Note: If you were actually trying to control the volume of water in a pond like this, Pump1 and Pump2 would not likely respond to the volume (as this is typically not something that can easily be monitored).  Rather, they would respond to the water level (which would typically be computed from the volume using a Lookup Table.

Let’s look at the Outflows tab of the Pool representing the pond: We know from the discussion above that the evaporation, Pump1 and Pump2 are all zero when the pond volume goes to zero.  But that is not the case for Pump3 and Pump4.  The Outflow Requests are constant, and hence if the pond goes to zero (and as we shall see, it does), those two flows need to be constrained. As can be seen here, Pump3 has a higher priority than Pump4.  (The priorities of the other Outflows are lower, but their priorities are inconsequential, as their Requests are all zero if the outflow becomes constrained.)

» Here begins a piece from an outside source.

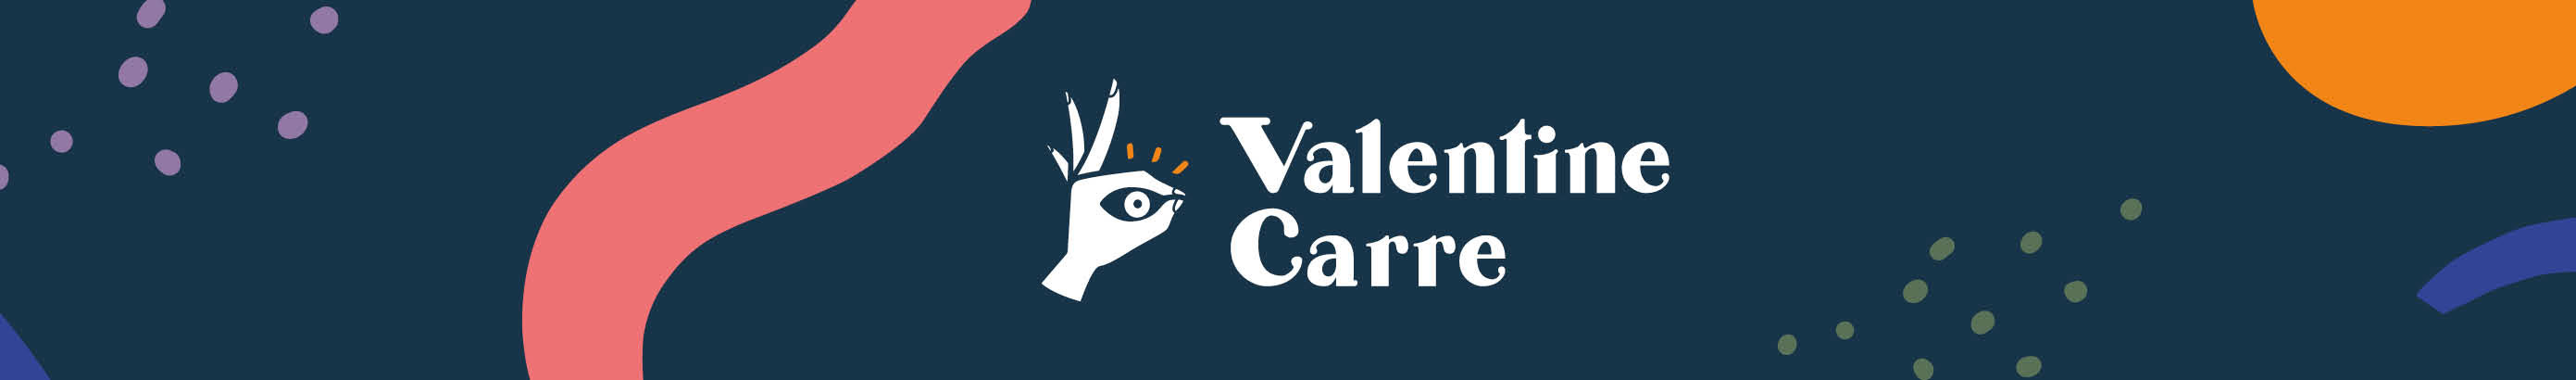 ✳ Valentine ✳ Carre ✳'s profile banner
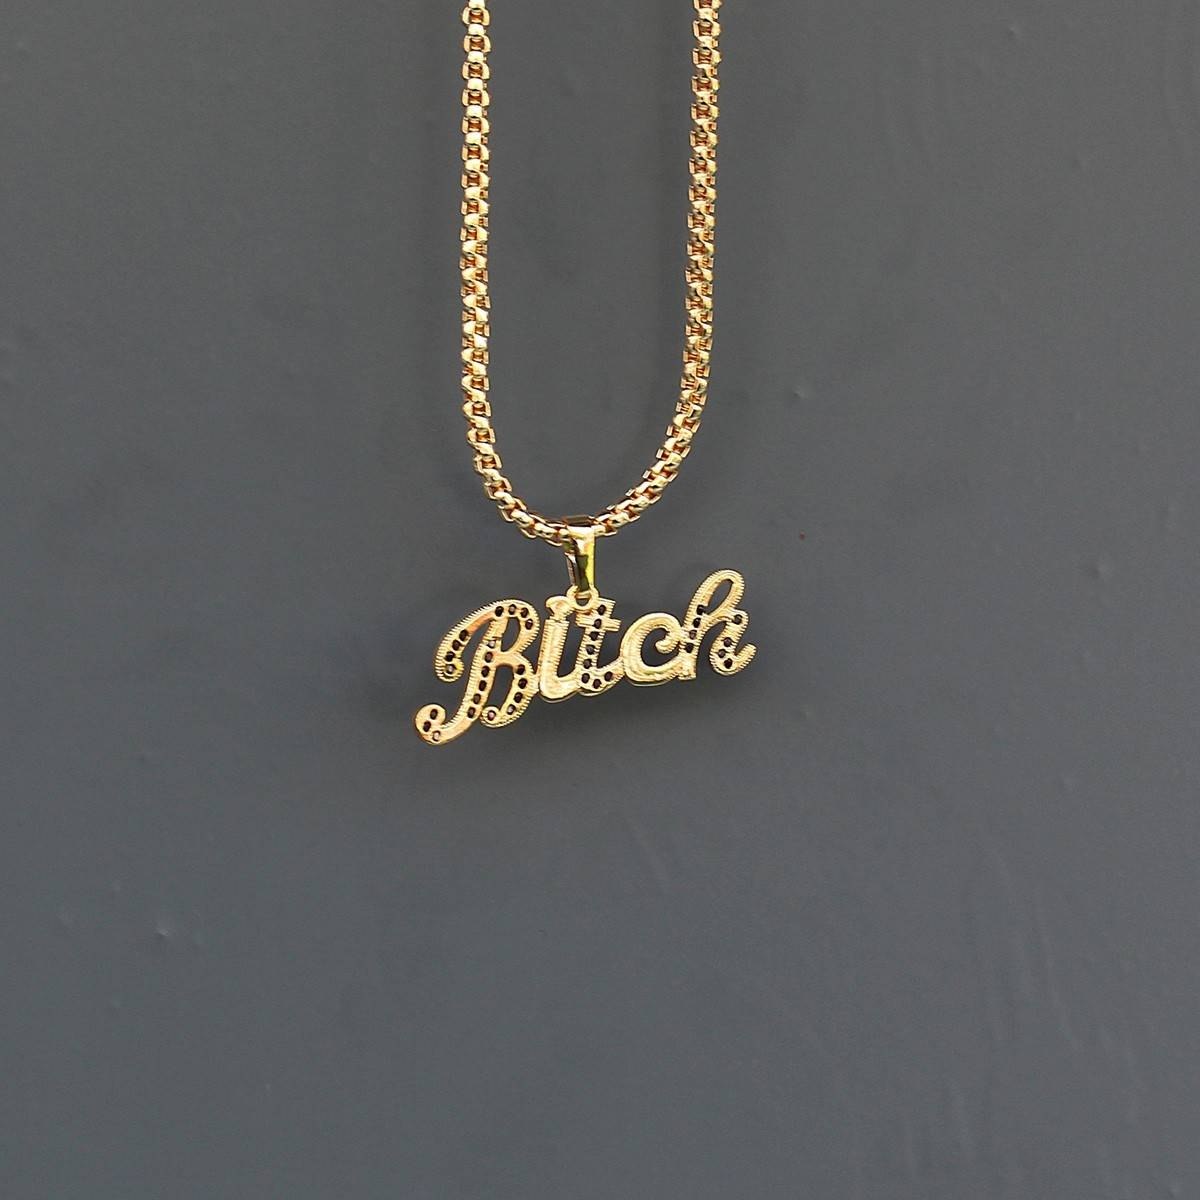 Men's Bitch Necklace Gold - 1

Run the model and display the results (by double-clicking on the Time History Result element): The pond volume is plotted on the left-hand axis (it is a thick red line), and all of the flows are plotted on the right-hand axis. Note that the pond volume goes to zero just before 8 days.  Let’s examine the five outflows:

• The evaporation gradually decreases with the pond volume, going to zero when the pond volume goes to zero.
• Pump1 turns off (suddenly) when the pond volume reaches 100 m3.
• Pump2 gradually decreases with the pond volume once it drops below 100 m3, going to zero when the pond volume goes to zero.
• Pump3 stays constant during the entire simulation.  Pump4, however, immediately drops from 8 m3/day to 2 m3/day when the pond goes empty.  This is because the outflow becomes constrained, and Pump3 has a higher priority than Pump4.

This is obviously a simplistic and artificial example, but is serves to illustrate the different ways that you can use feedback control and the allocation/prioritization capabilities of the Pool element to represent multiple (and potentially competing) outflows.

The key point that you should take away from this discussion is that when building a model that involves outflows that have active or passive feedback control, it is critical for you have a very good understanding of how the real system actually works such that you represent realistic control systems in your model (i.e., systems that could be practically implemented). Otherwise, your simulated predictions will behave unrealistically and/or be of very limited value.